* _What to work on_: As the answer, return precisely the lines from the one containing "12 шт. милый" to the final line of the material below, inclusive, and omit every picture.
START Source data
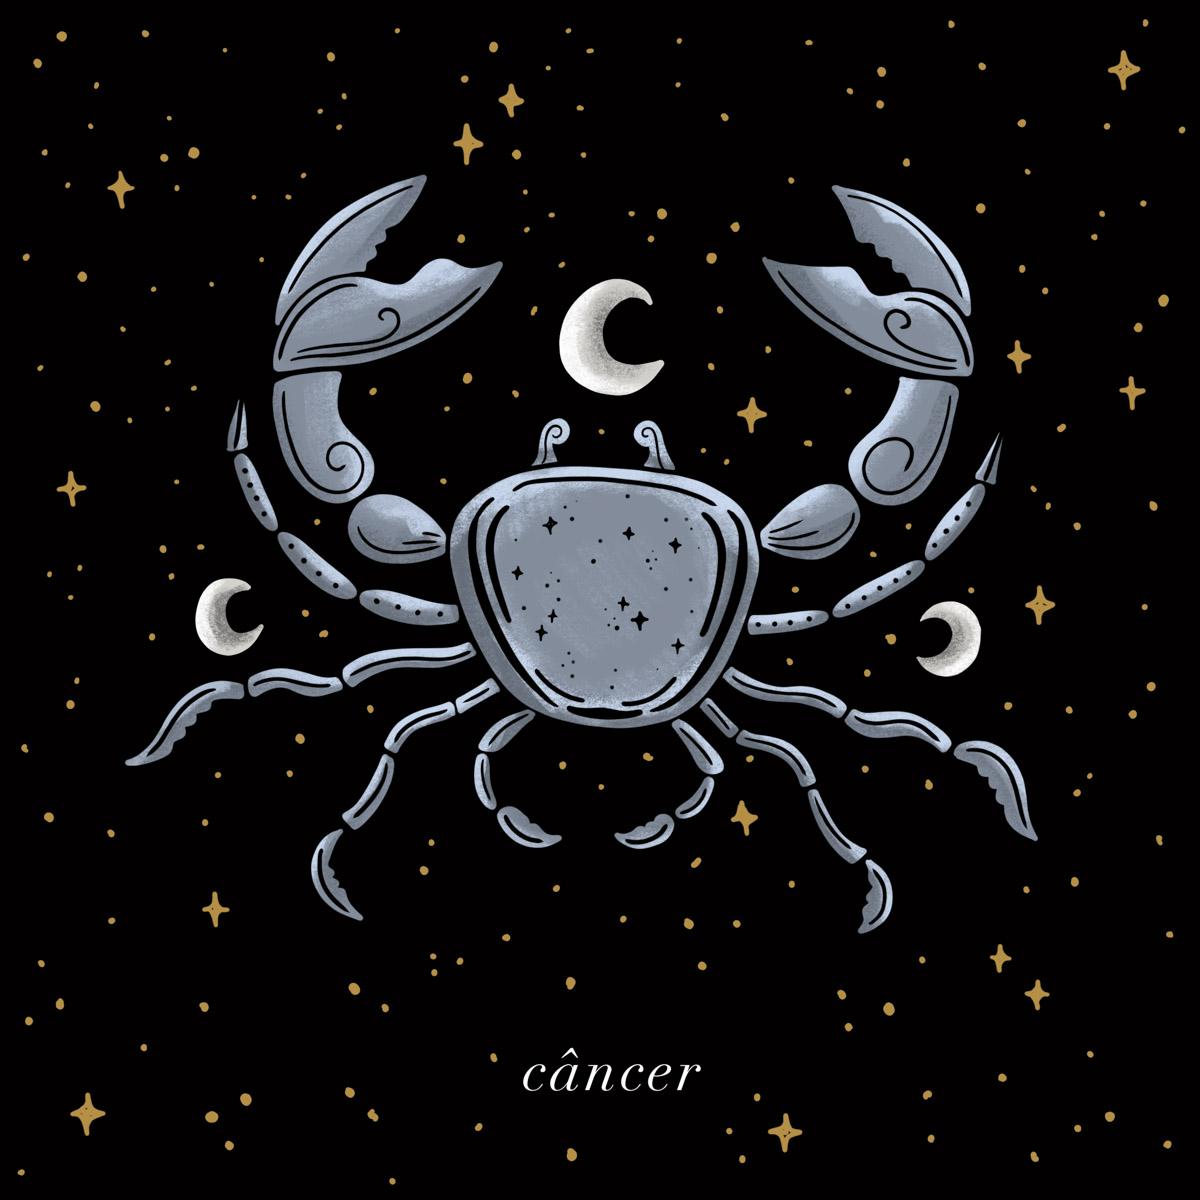 Signos Cancer
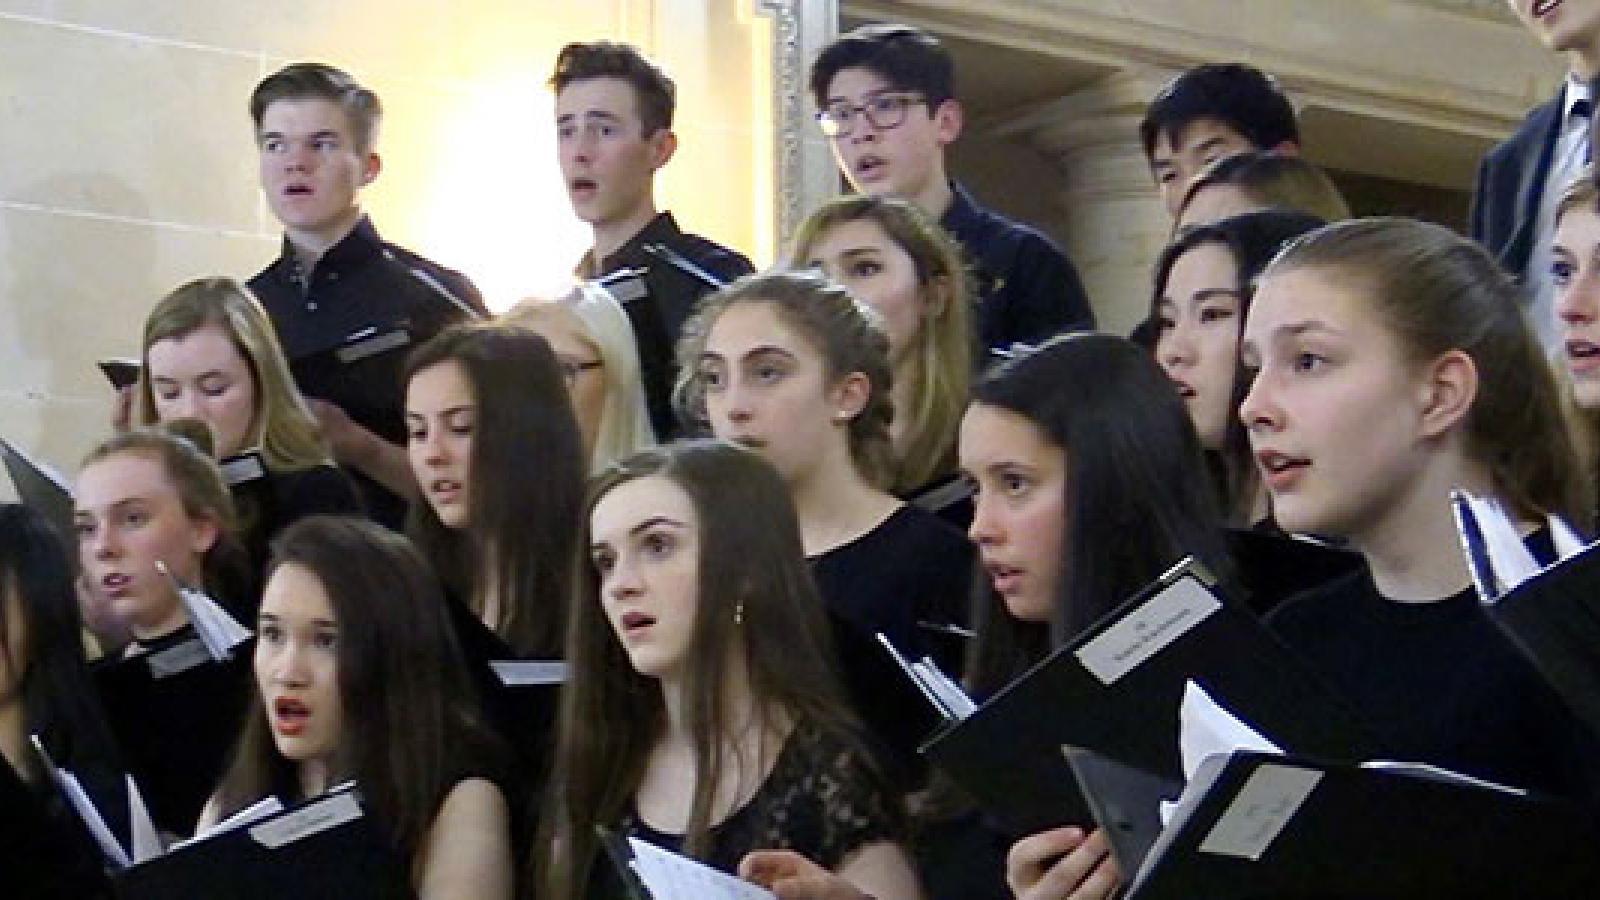 Children in choir singing
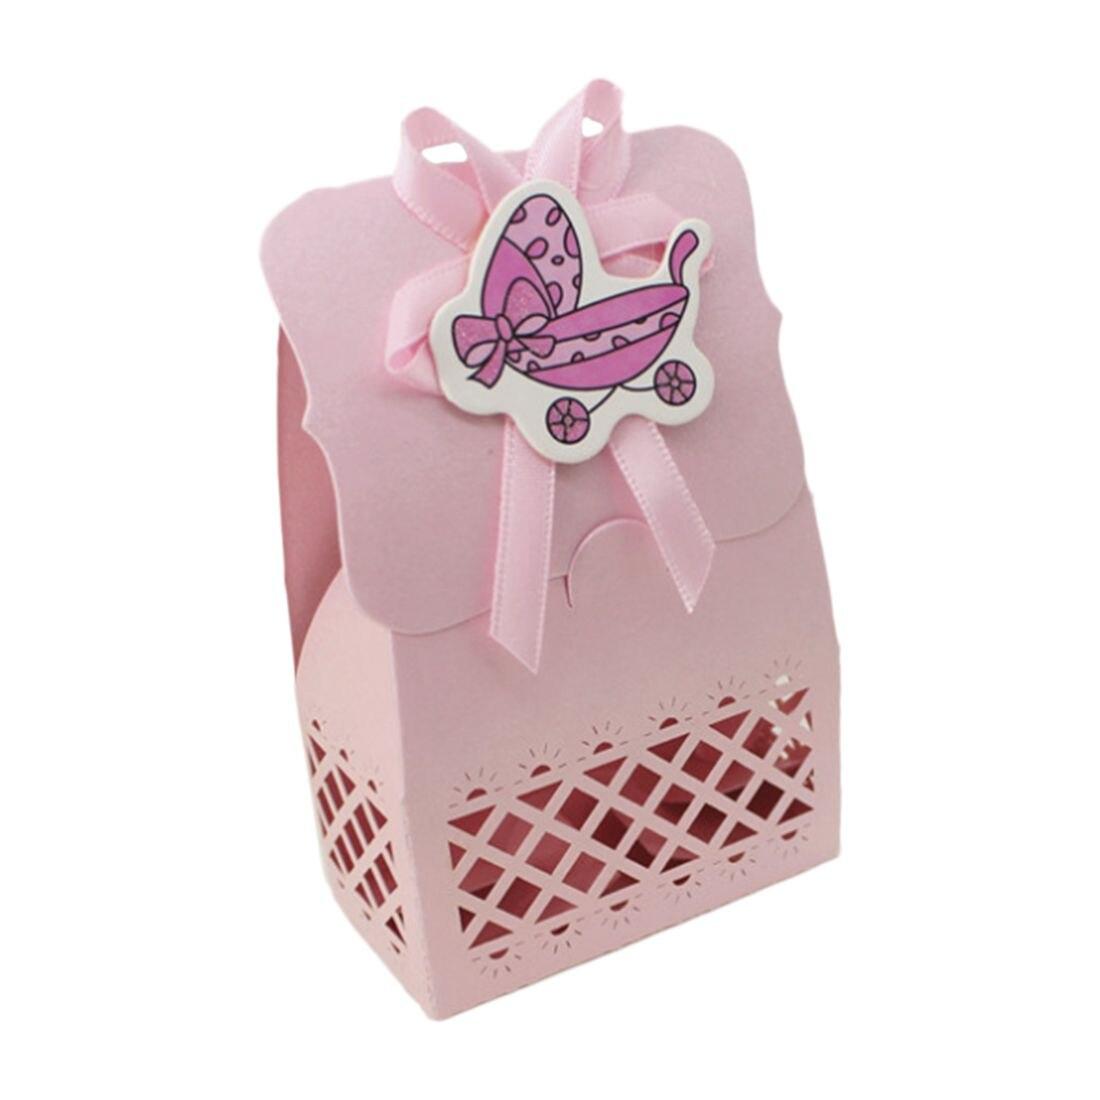 12 шт. милый ребенок душ коробка конфет событие для вечеринок украшения бумаги крещение малыш сувениры Сладкий подарок на день рождения сумк...
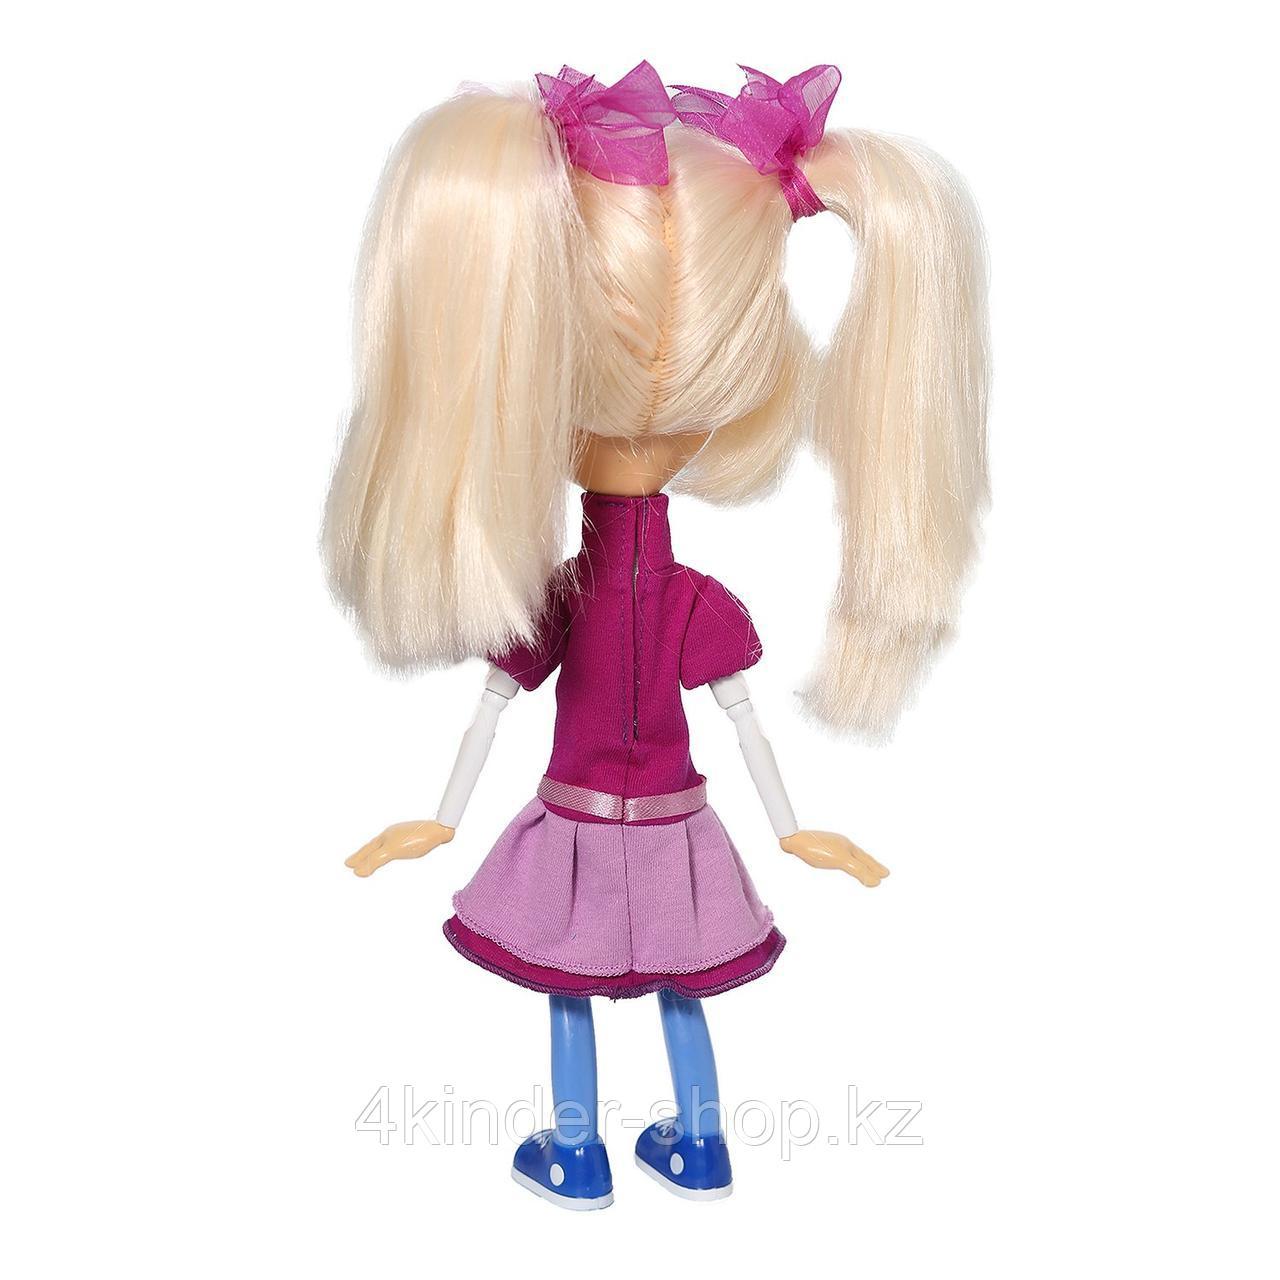 Кукла Весна Роза Барбоскина Музыкальный дебют В3649 - фото 4
END Source data
* _Output of the task_:
 12 шт. милый ребенок душ коробка конфет событие для вечеринок украшения бумаги крещение малыш сувениры Сладкий подарок на день рождения сумк...
 Кукла Весна Роза Барбоскина Музыкальный дебют В3649 - фото 4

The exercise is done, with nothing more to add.